[[ DATASET EXTRACT open ]]

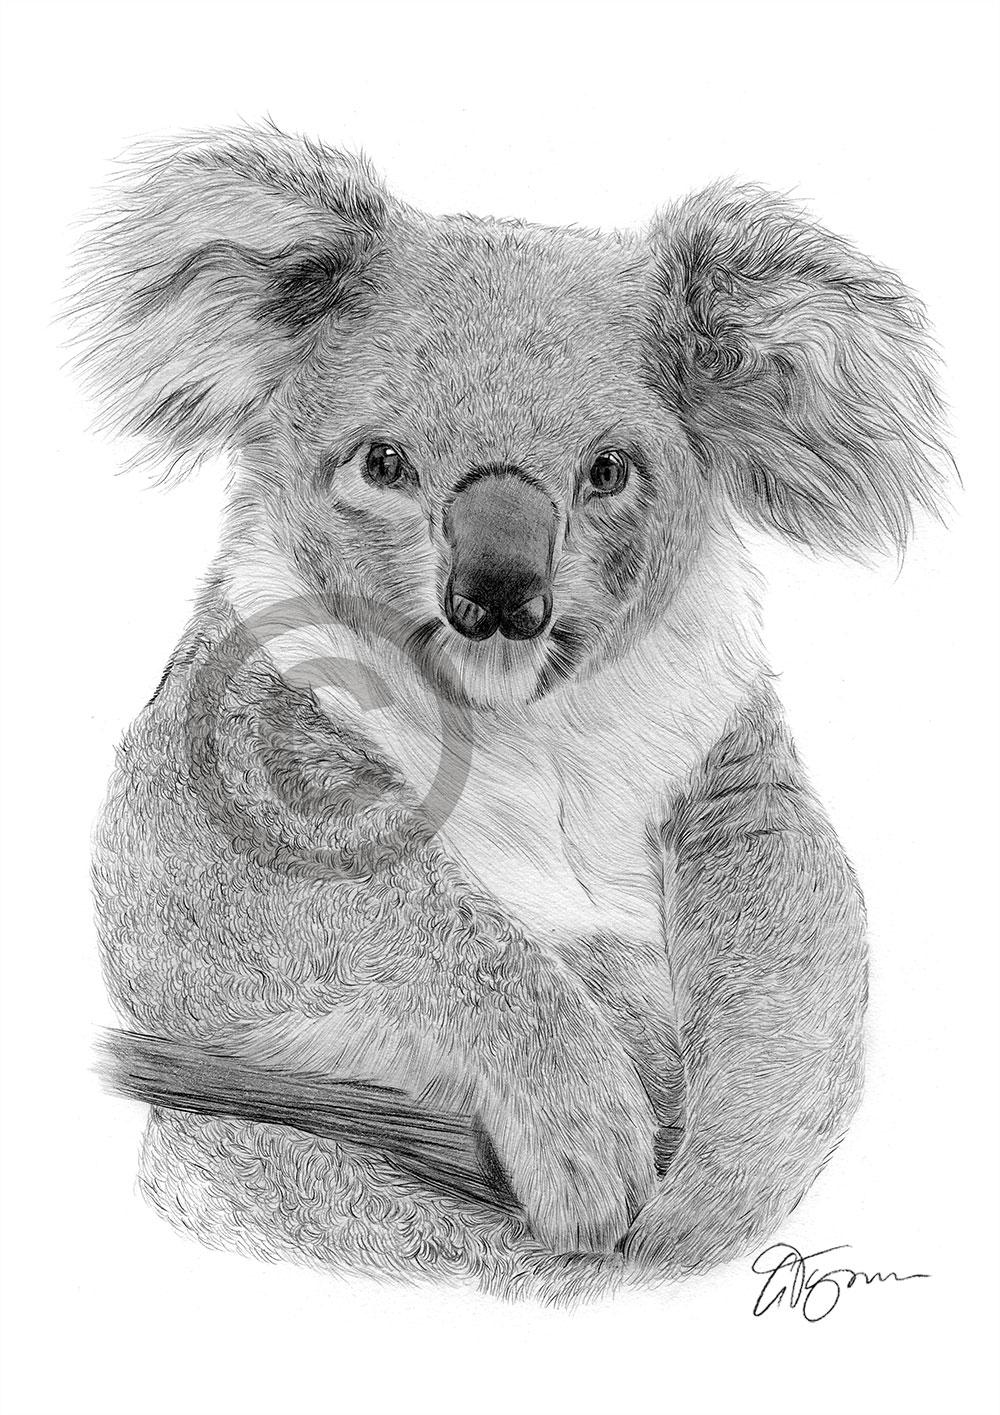 Pencil Drawing Of A Koala By Artist Gary Tymon
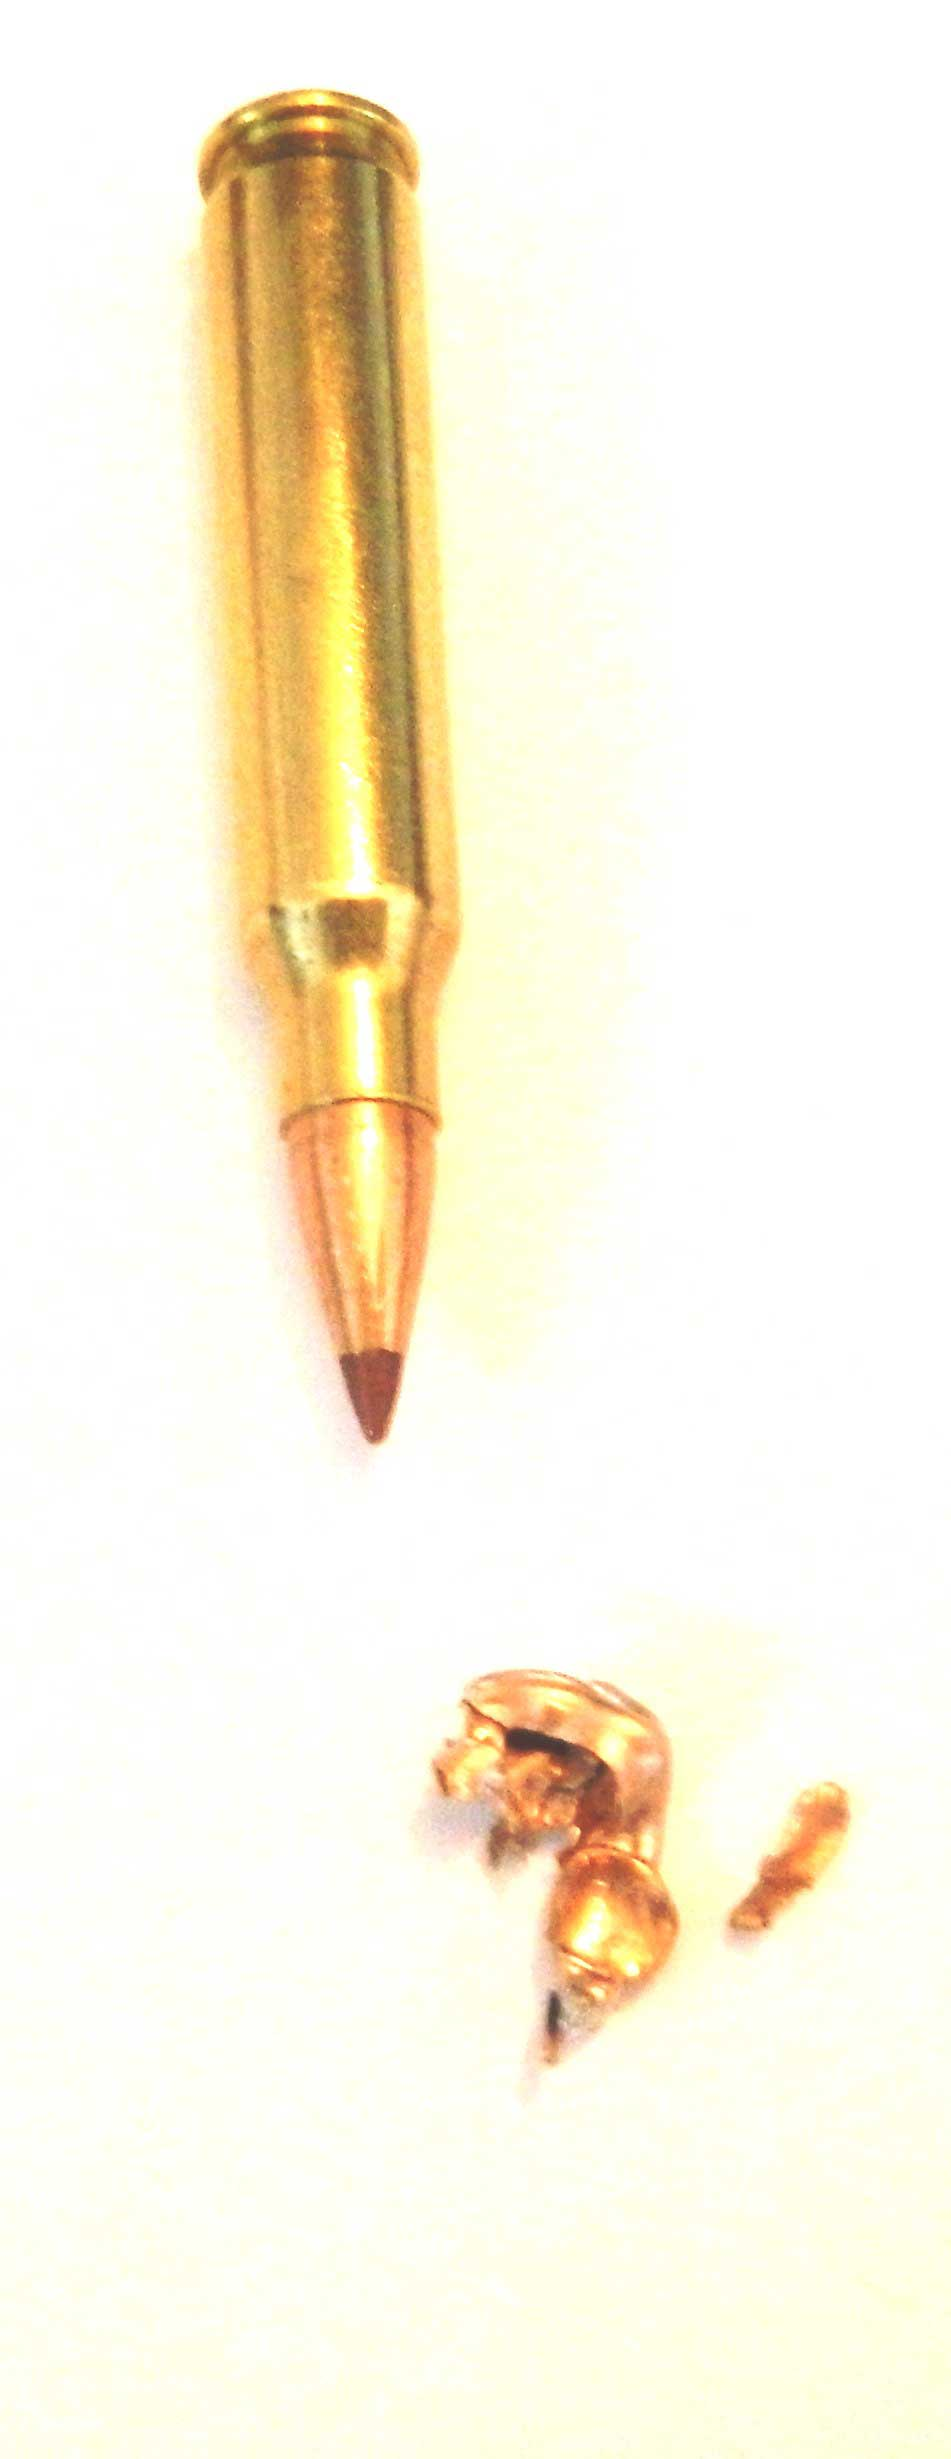 .223 Remington cartridge and spent bullet
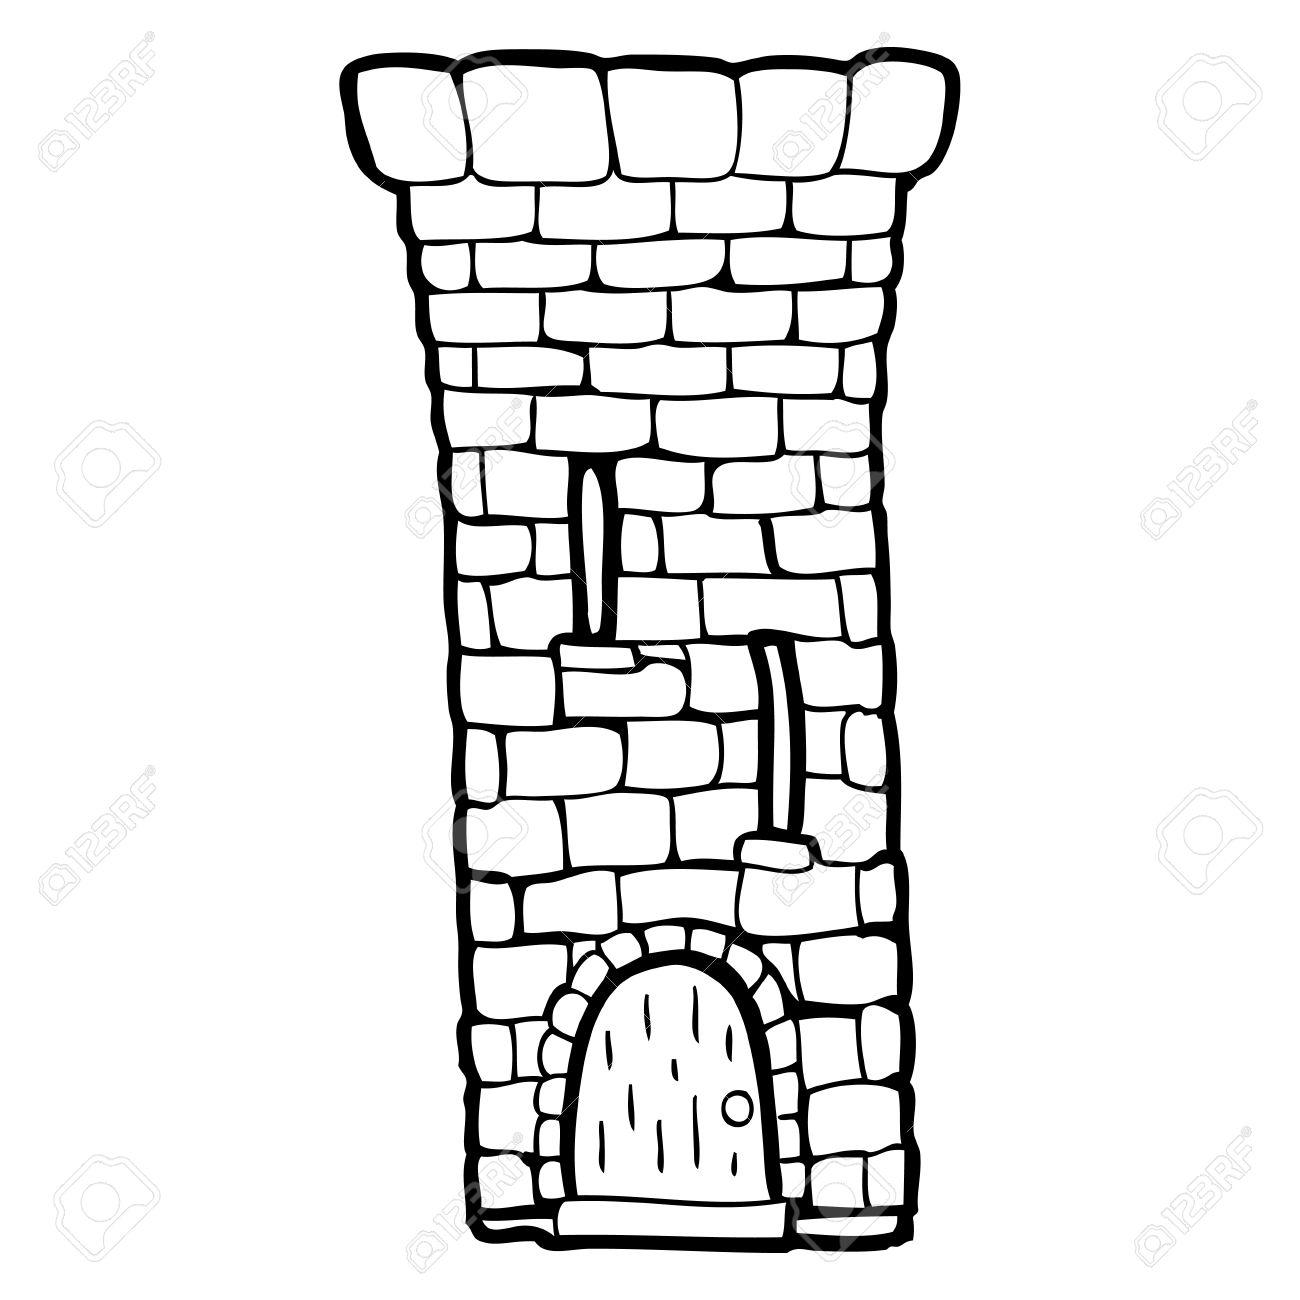 Tower clipart castle, Tower castle Transparent FREE for.
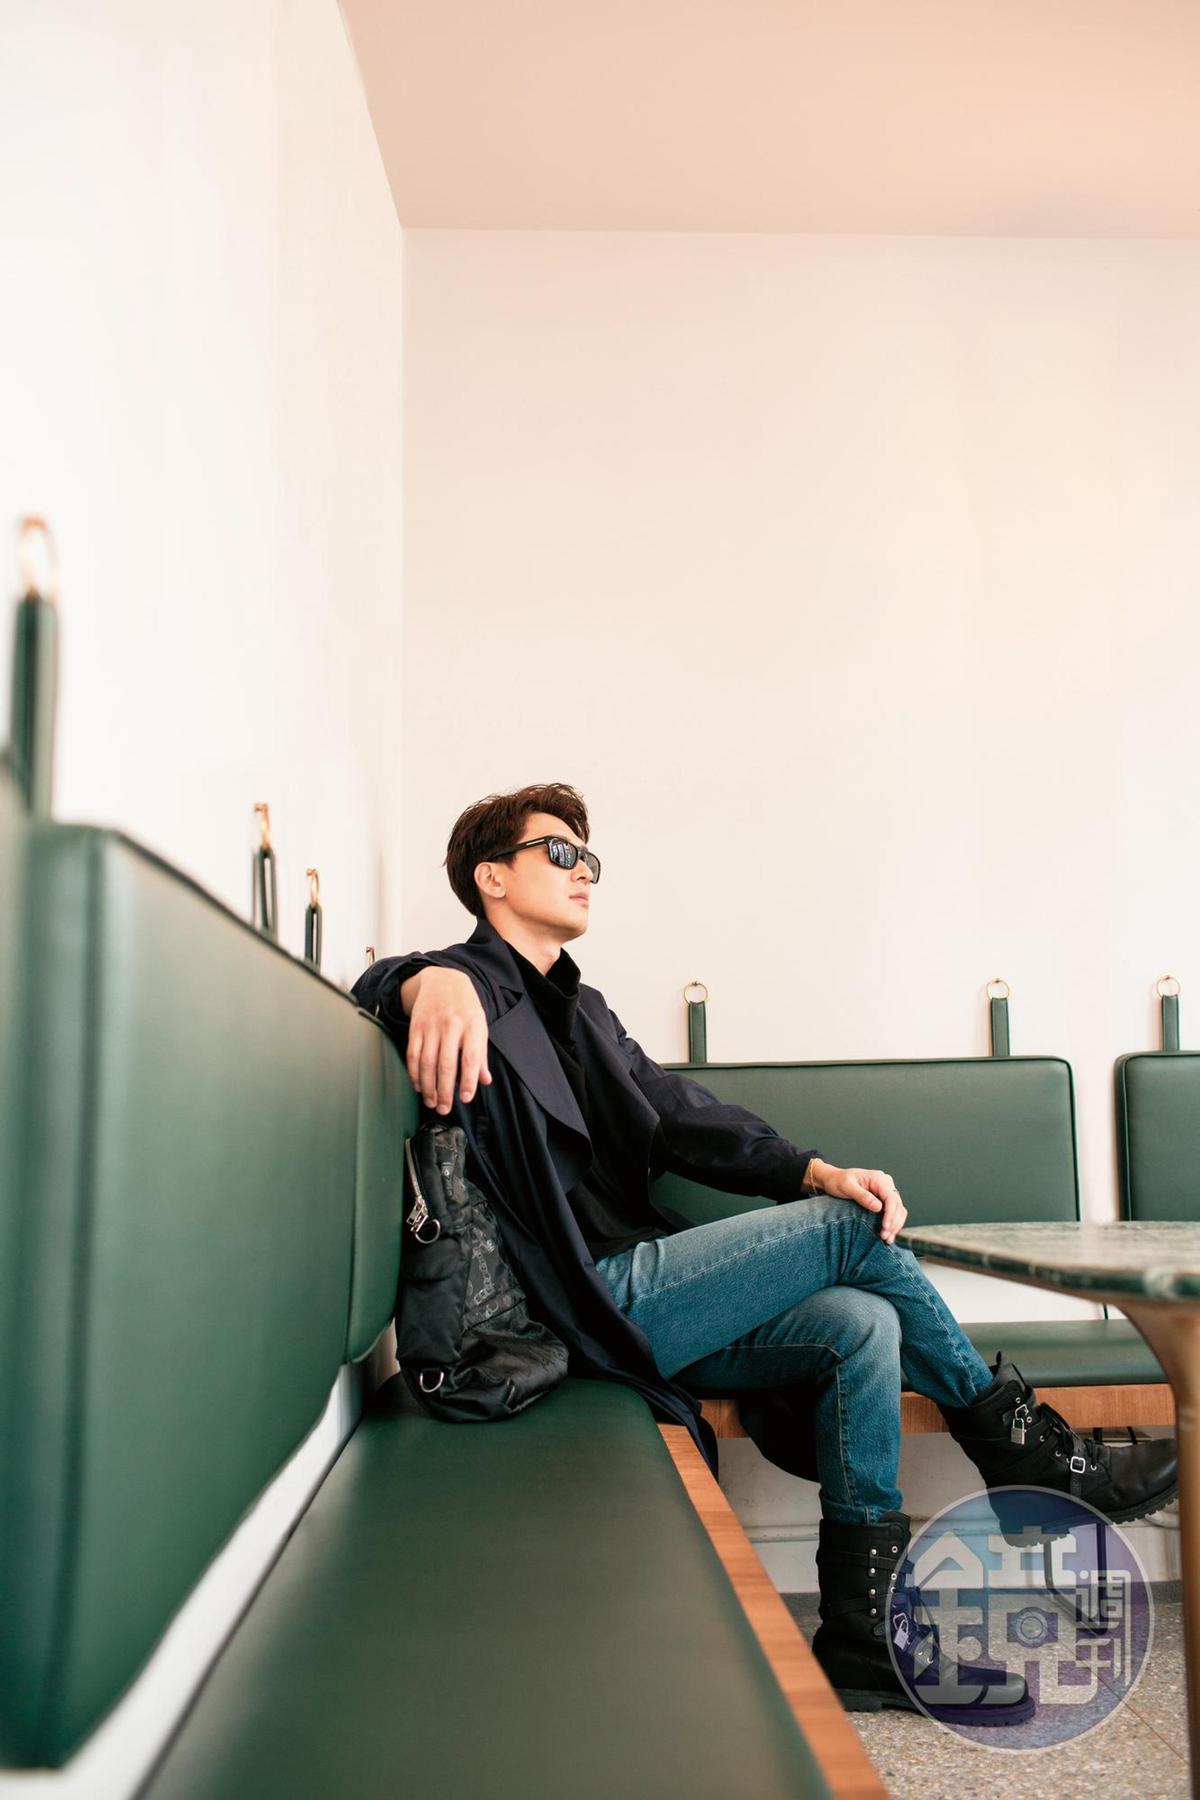 PRADA膠框墨鏡。約NT$10,000/Jolin Wu林果設計高領上衣。NT$5,500/Jolin Wu林果設計長版風衣。NT$18,900/LEVI'S牛仔褲。NT$3,990/前經紀人送的adidas x Jermy Scott高筒靴子。無價

[[ DATASET EXTRACT closed ]]

Send back the data above verbatim, leaving out its pictures.

**EXERCISE OUTPUT**
 Pencil Drawing Of A Koala By Artist Gary Tymon
 .223 Remington cartridge and spent bullet
 Tower clipart castle, Tower castle Transparent FREE for.
 PRADA膠框墨鏡。約NT$10,000/Jolin Wu林果設計高領上衣。NT$5,500/Jolin Wu林果設計長版風衣。NT$18,900/LEVI'S牛仔褲。NT$3,990/前經紀人送的adidas x Jermy Scott高筒靴子。無價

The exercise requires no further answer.